Do you happen to know why the forms with _ma_- (mapangit, mabaho, malungkot) alternate with prefix-less forms?

Thanks

(And apologies for misanalyzing _mali_.)


----------



## DotterKat

_Pangit_, _baho_ and _lungko_t are root words to which affixes may be added. Dictionaries normally do not list all permutations of every word due to space limitations.
These same root (unaffixed) adjectives can be used in sentences that essentially express the same idea, albeit in slightly different ways. With the ma- prefix (as an attributive adjective), the structure would be something like:

*Maganda siya*.

The unaffixed word _ganda_ is used in an exclamatory sentence to express the same idea, although with a bit more emotion attached:

*Ang ganda niya!* OR *Kay ganda niya!*

There will be many other permutations for forming sentences expressing that essential nature of someone (her beauty), including the use of affixes like napaka- (*Napakaganda niya!*) or again using the root (unaffixed) form but intensified by duplication (*Ang ganda ganda niya!*).

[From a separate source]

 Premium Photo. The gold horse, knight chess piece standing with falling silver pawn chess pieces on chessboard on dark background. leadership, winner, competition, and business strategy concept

So, generally speaking, the _*ma-*_ adjectival forms are used in the indicative mood and the root (unaffixed) forms, introduced by words such as *ang*, *kay*, *napaka*, _*anong*_ or intensified by duplication are used in an exclamatory sentence. It all depends on how you wish to express the sentence.


----------



## Gavril

DotterKat said:


> _Pangit_, _baho_ and _lungko_t are root words to which affixes may be added. Dictionaries normally do not list all permutations of every word due to space limitations.

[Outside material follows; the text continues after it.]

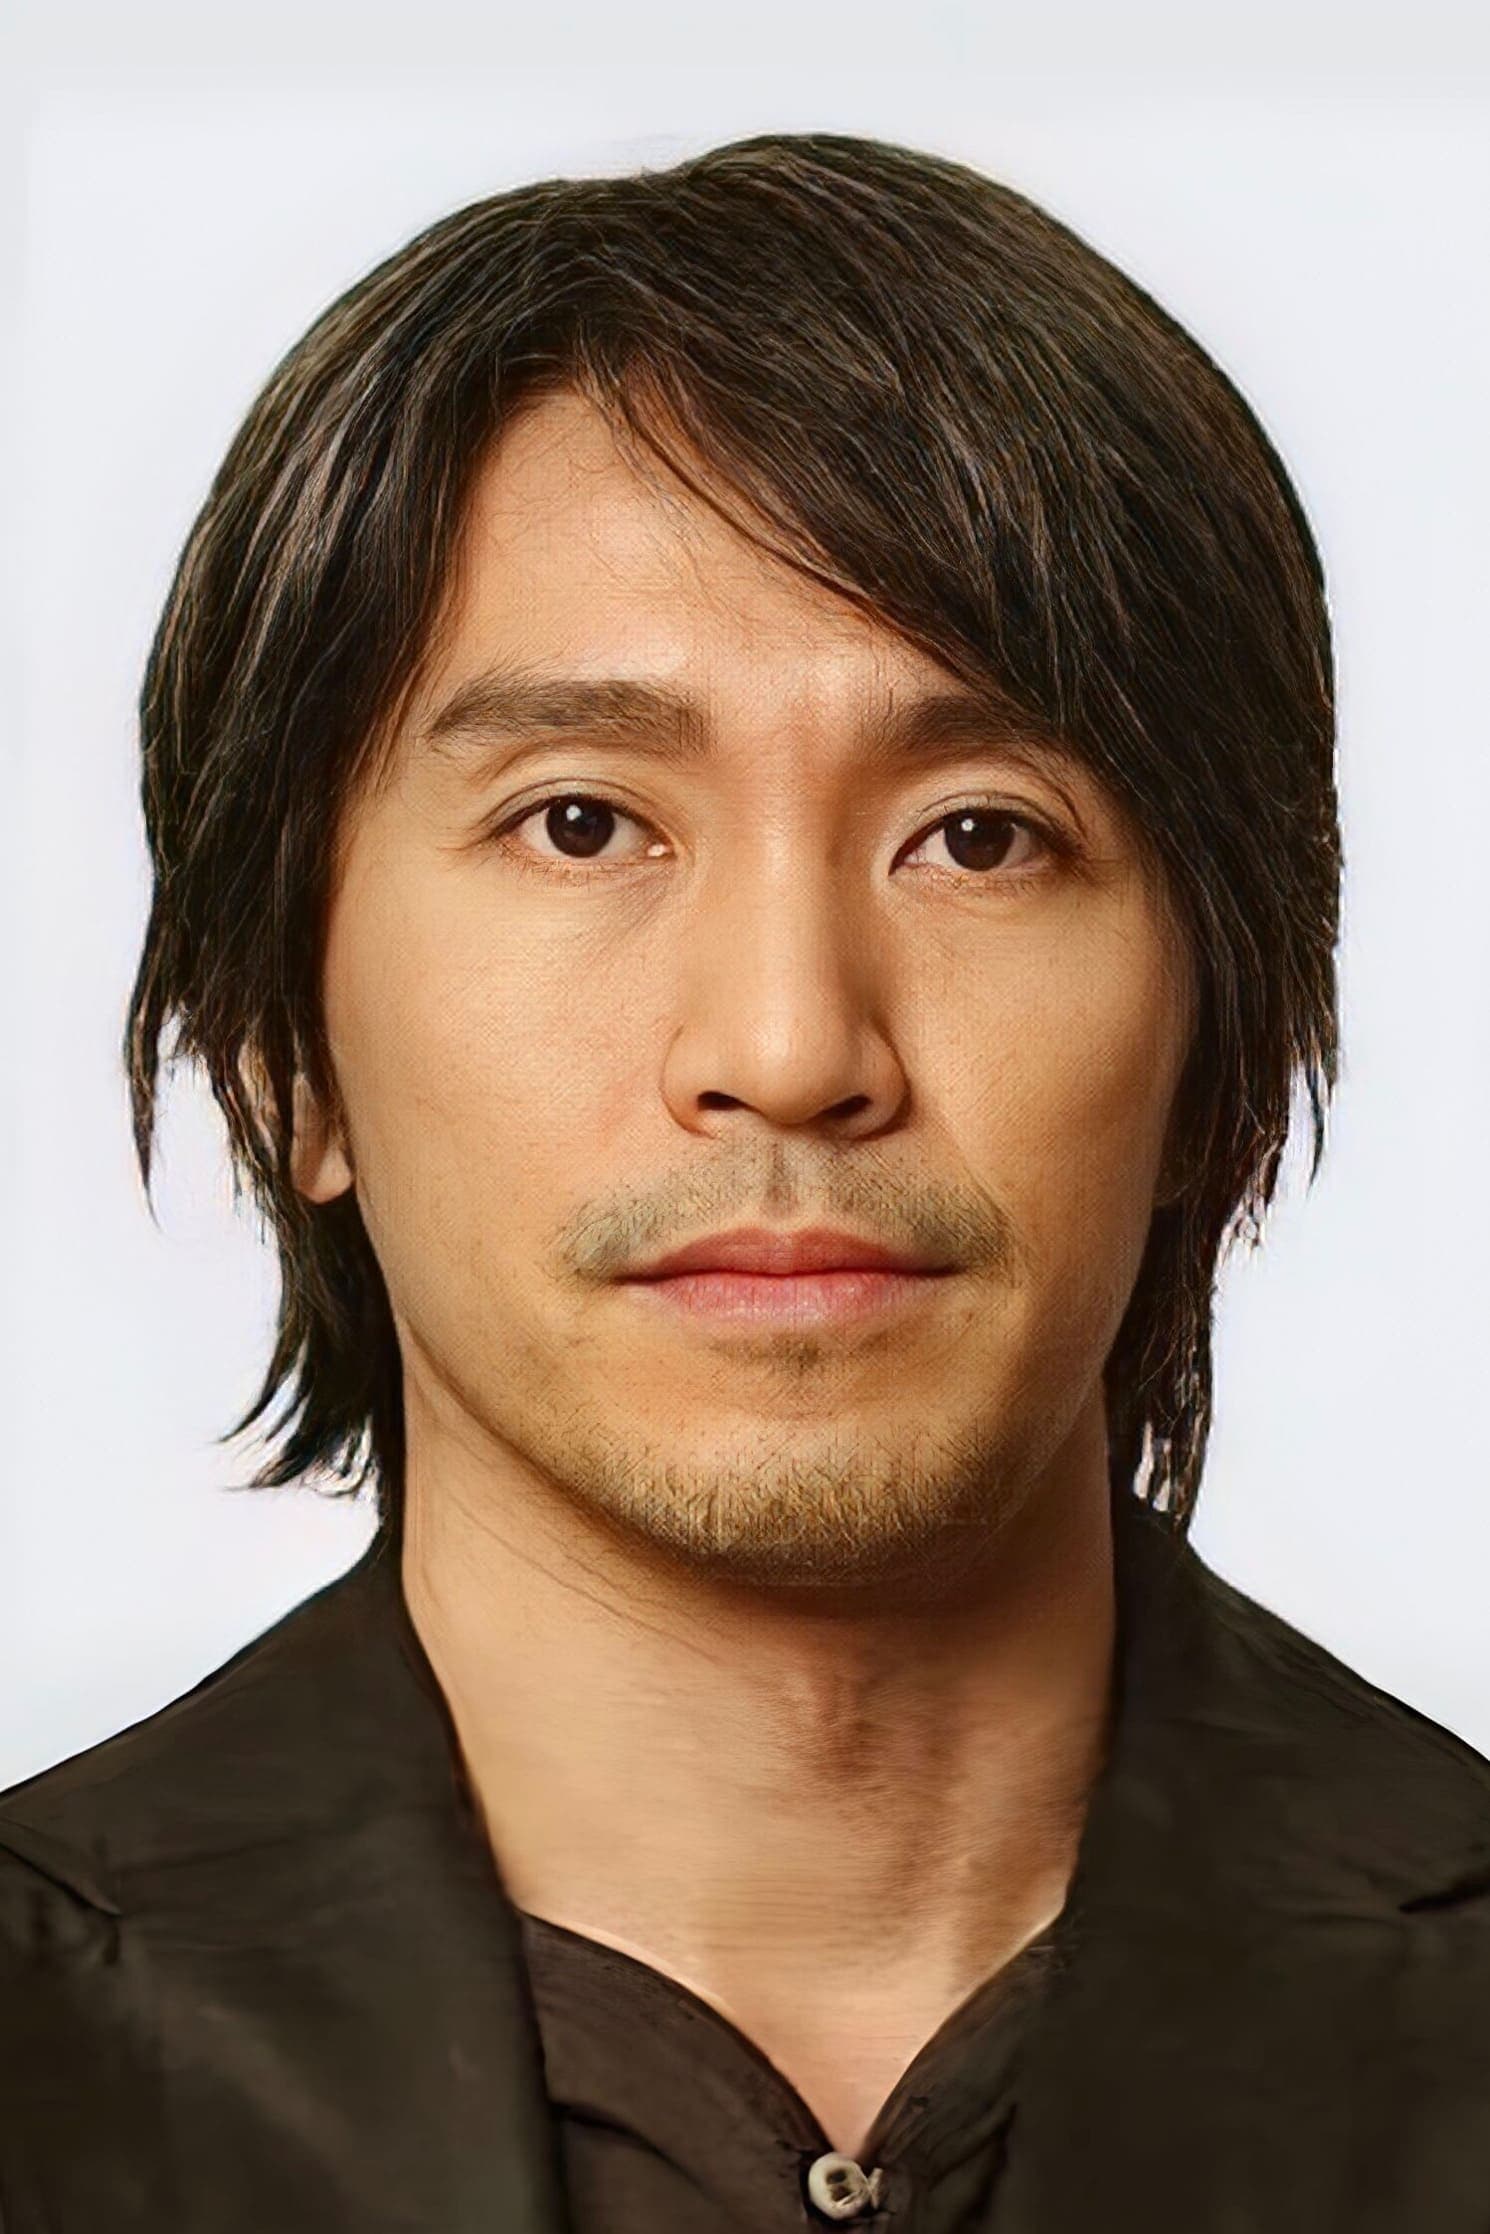 Stephen Chow | Director

OK, but I'm still a little puzzled by why the dictionary chooses to list a _ma_- form for some adjectives and an unaffixed form for others. (I'm not saying it's "wrong" to do this, I just don't understand the system behind it.)

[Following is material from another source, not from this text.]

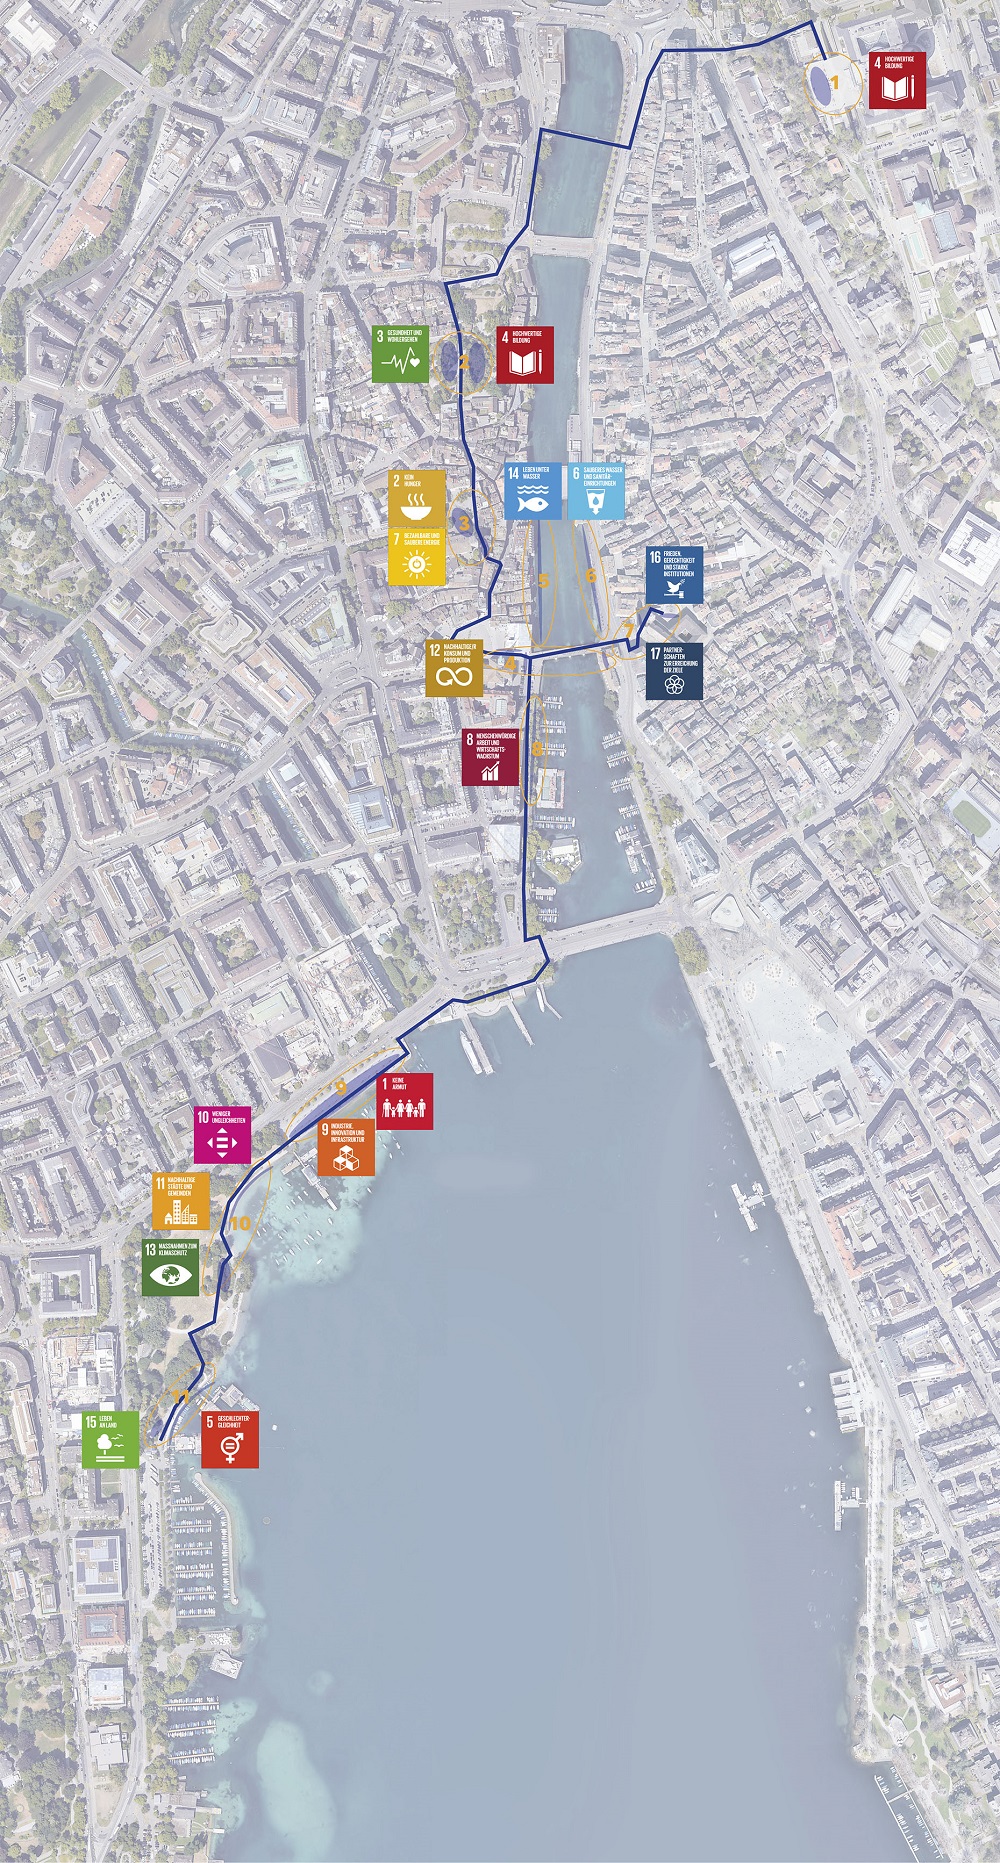 Map of Zurich including the places where the exhibition takes place

Could it be that the unaffixed forms of _pangit_, _lungkot_ etc. are used far more often than the _ma_-forms? In other words, is it much less common to hear (for example) _Malungkot siya _than _Ang lungkot niya,_ _Napakalungkot niya_ or similar?

Thanks again


----------



## DotterKat

Gavril said:


> ....Could it be that the unaffixed forms of _pangit_, _lungkot_ etc. are used far more often than the _ma_-forms? In other words, is it much less common to hear (for example) _Malungkot siya _than _Ang lungkot niya,_ _Napakalungkot niya_ or similar?....



No. Again, I think it is simply because dictionaries especially the concise ones, need to prioritize their entries. Root words would take precedence and derivatives would be mentioned after the definition or be given a separate entry if space allows. There are some Tagalog dictionaries wherein affixed adjectives and even conjugated verbs occupy several pages and root words seem to appear occasionally, quite the opposite of your experience.
There is no way to quantitate the frequency of usage of affixed versus unaffixed Tagalog adjectives, but my estimation would be that the affixed forms are used more commonly, again the opposite of your hypothesis.
Using another dictionary might be helpful.


----------